Like Meyer, Coil used nitrous in a gaseous form and injected it into the engine, but unlike Meyer’s system, which was activated by him planting his heavy right foot on the loud pedal, the Chi-Town’s unit was activated by Hawley via a steering-wheel-mounted switch and, despite being active for the entire run, used just about an eighth of a pound per run. The system’s primary use was to help atomize the nitromethane to avoid dropping cylinders.

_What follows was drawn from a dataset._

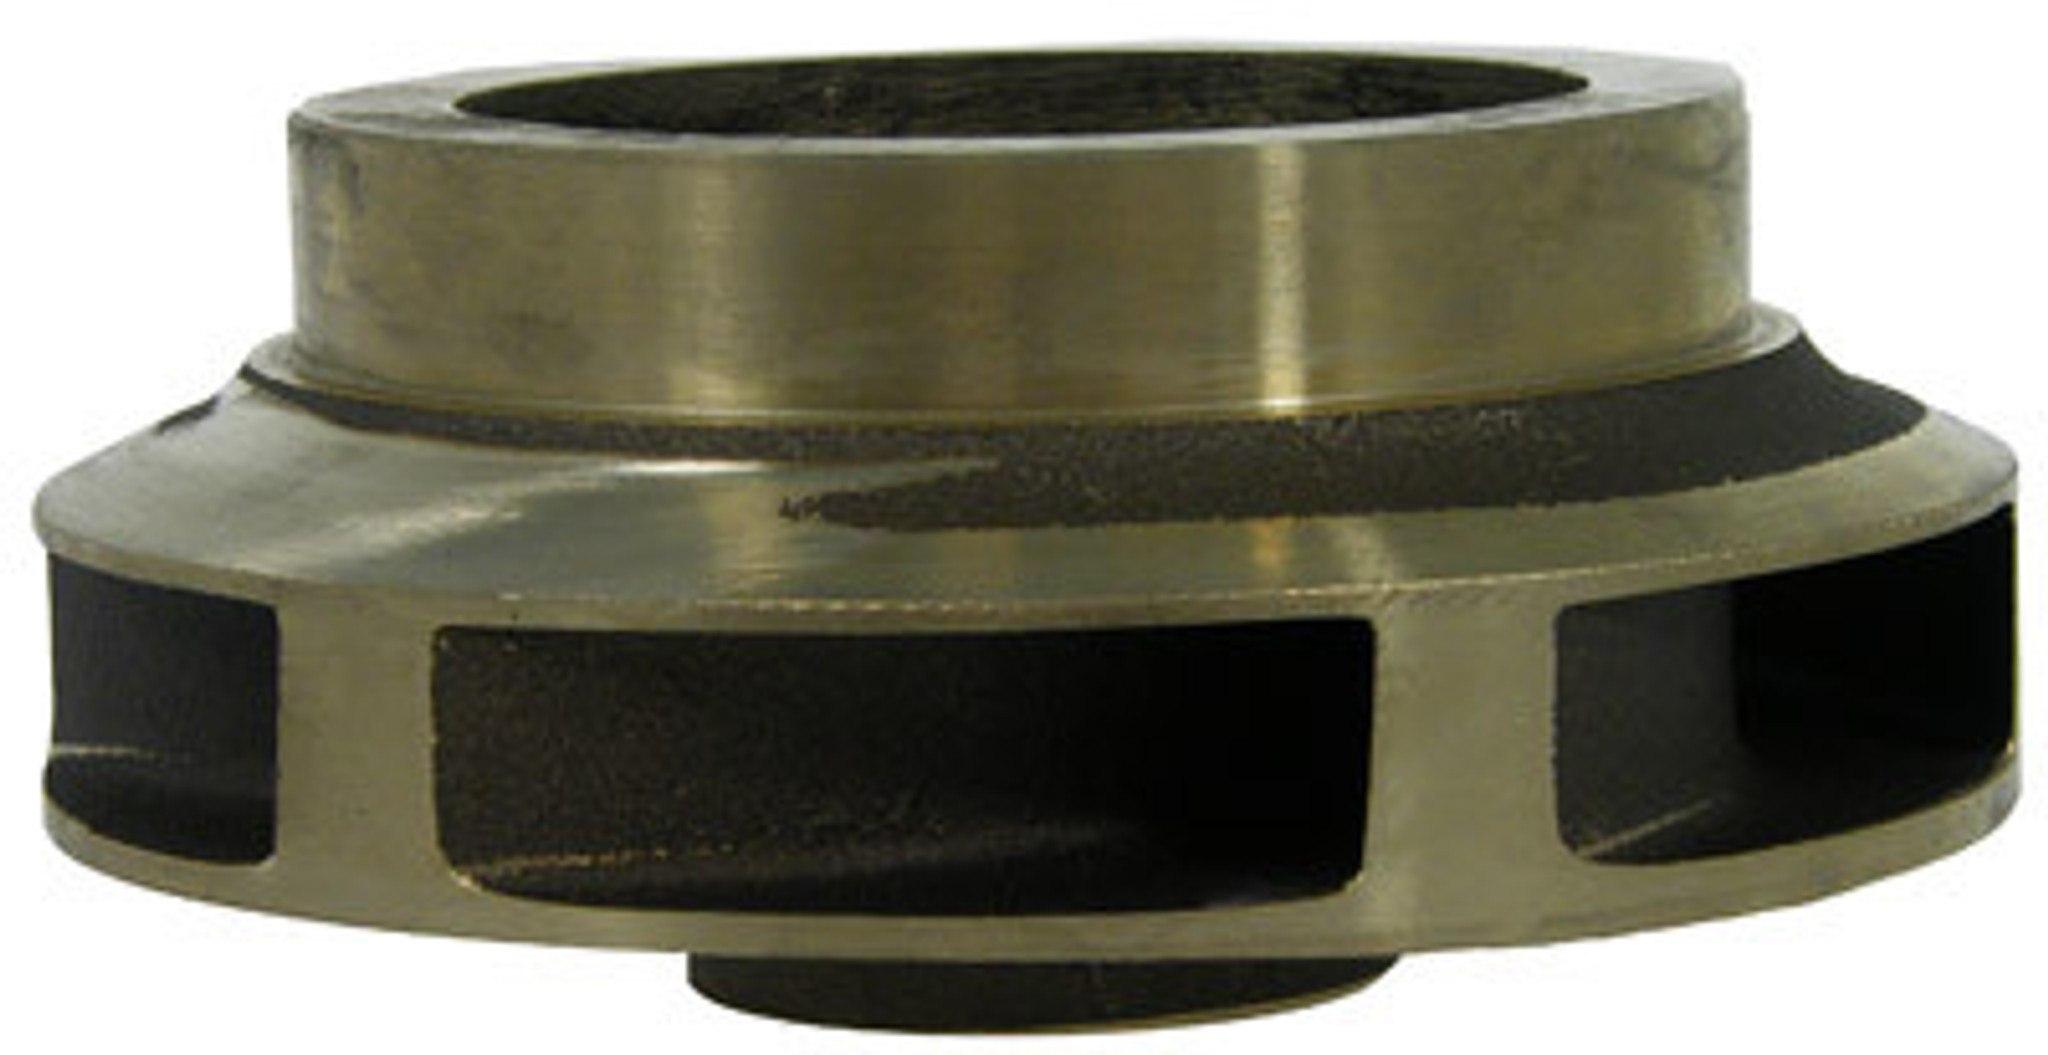 Pentair S32014 Mechanical Shaft Seal Replacement for Pentair CSPH//CCSPH Series Pool and Spa Commercial Pump

(Coil also was not fooled by Prudhomme’s fuel-pump-plumbed hoax and starting-line hoax – “Positively ridiculous” was his assertion about the implausible notion of plumbing aerated nitrous directly into the pump – but he said that at least one team [who shall remain nameless because I’m not able to confirm it] did fall for the ruse and quickly devised a similar unit at the event, which quickly caused the pump to cavitate and fail.)
"Ya know, you didn't have me fooled for a second, 'Snake.' "

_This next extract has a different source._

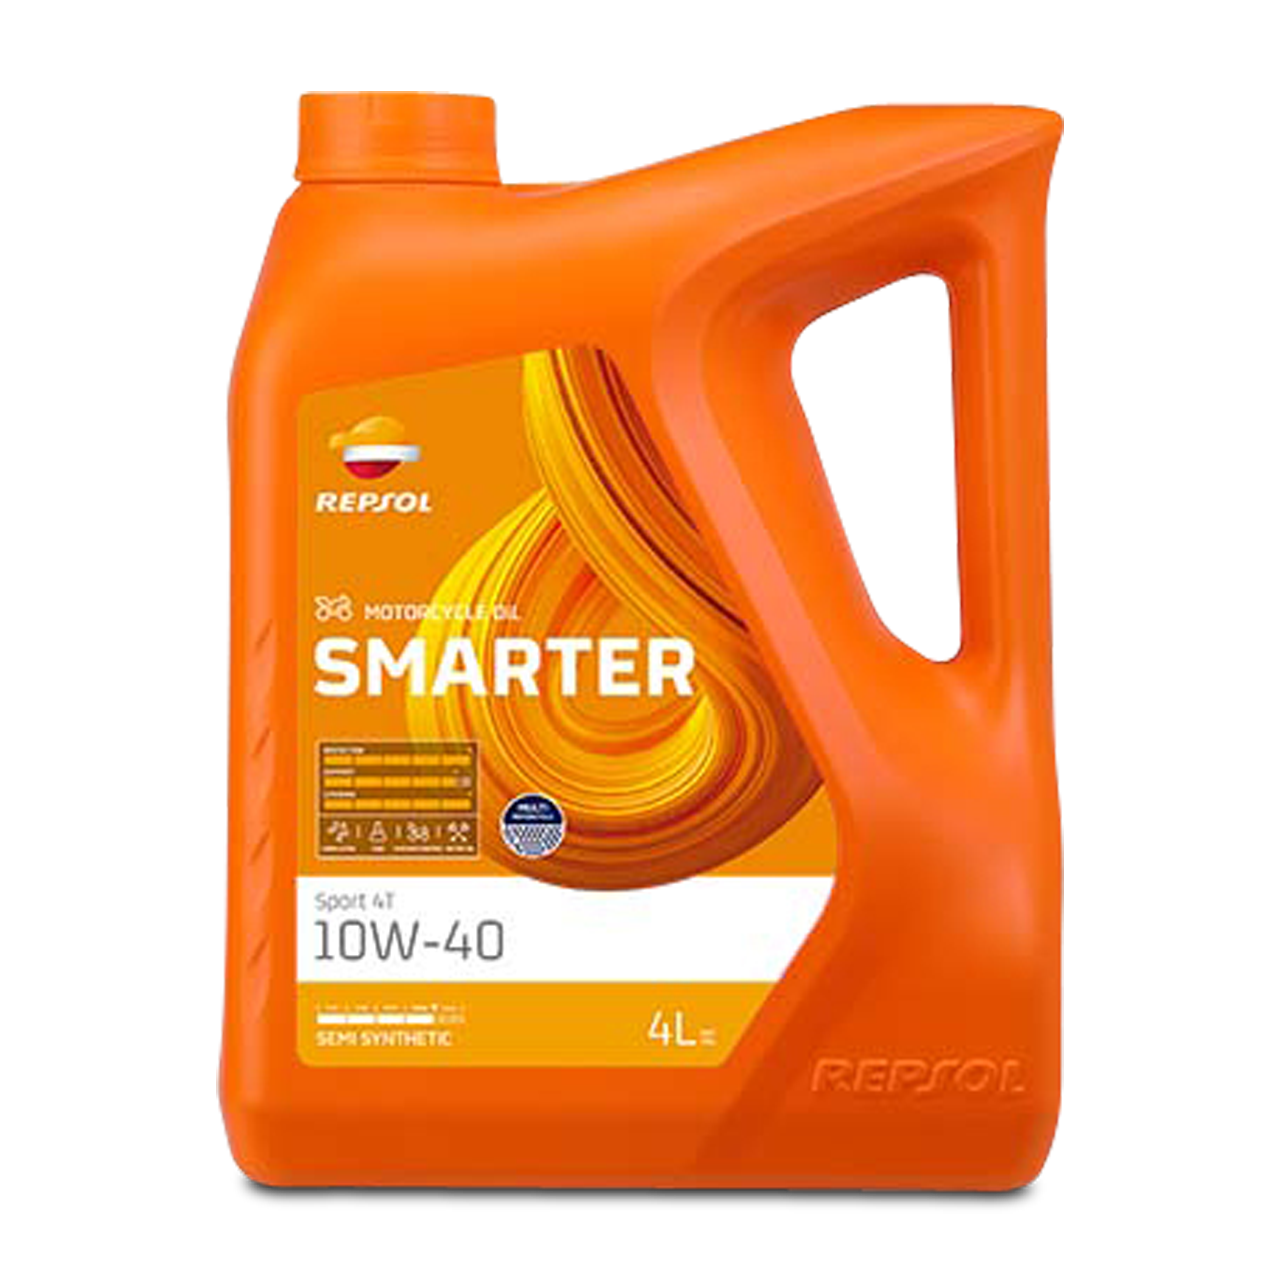 Repsol Smarter Scooter 4T 5W40 1L Engine Oil - Now 20% Savings

Coil ran the system the rest of the year, won the championship, fruitlessly voted for its continued use, and, after a few small stumbles with dropped cylinders early the next year without the laughing gas, was able to “tune my way out of that” and went on to win the championship again. “I’d have been happier if they left us alone, but it wasn’t crippling,” he noted.
For all of their theories about how well nitrous – and many of their systems, for that matter – worked, the always verbally colorful Coil was quick to point out, “In that era, before computers [data recorders], none of us knew that [heck] worked; we were just throwing [stuff] out there and seeing what stuck against the wall. If things went OK, you’d come home and make up the theory that you wanted to believe in.
“Today, I’d bet that even the best of the people out there – including myself – really only understand about three-quarters of what’s going on in these cars. In the early 1980s, if we truly understood 20 percent of what was going on, we were lucky. Looking back, we didn’t know jack[stuff] about what the cars were doing. Since we got computers, we’re real certain that what we can see from standing on the starting line is almost always wrong.”
Naturally, while I had him on the line, I asked Coil if a racing comeback of any kind was on the horizon, and, to summarize his reply, if I were holding a Magic 8 Ball in my hand, the answer would be “Outlook not so good.”
He doesn’t miss the drama or the headaches of The Big Show, hasn’t found the right fit (despite many offers) in nostalgia racing, and misses being able to invent.
“If there was anything I was ever good at, I was good at creating something that no one else had that gave us an edge to win,” he said. “As the rules have gotten so all-encompassing, you’re not allowed to do that. So we all stand there with a barrel full of clutch discs that we know we can’t know exactly how they’re going to act, and we’re going to have to play Russian roulette with ‘Do we put another nut on it or not?’ and the other guy’s guess is going to be as good as mine. That just doesn’t seem like any fun. Fortunately, I had a very competent investment broker who guided me well throughout all the great years, and I’m not particularly worried about starving to death.”
OK, so that's the truth, the whole truth, and nothing but the truth about nitrous use at the 1982 U.S. Nationals. For now. Is there a possibility that someone else was using nitrous that year? Absolutely. The good thing is there's always another column just a few days away. Thanks for reading.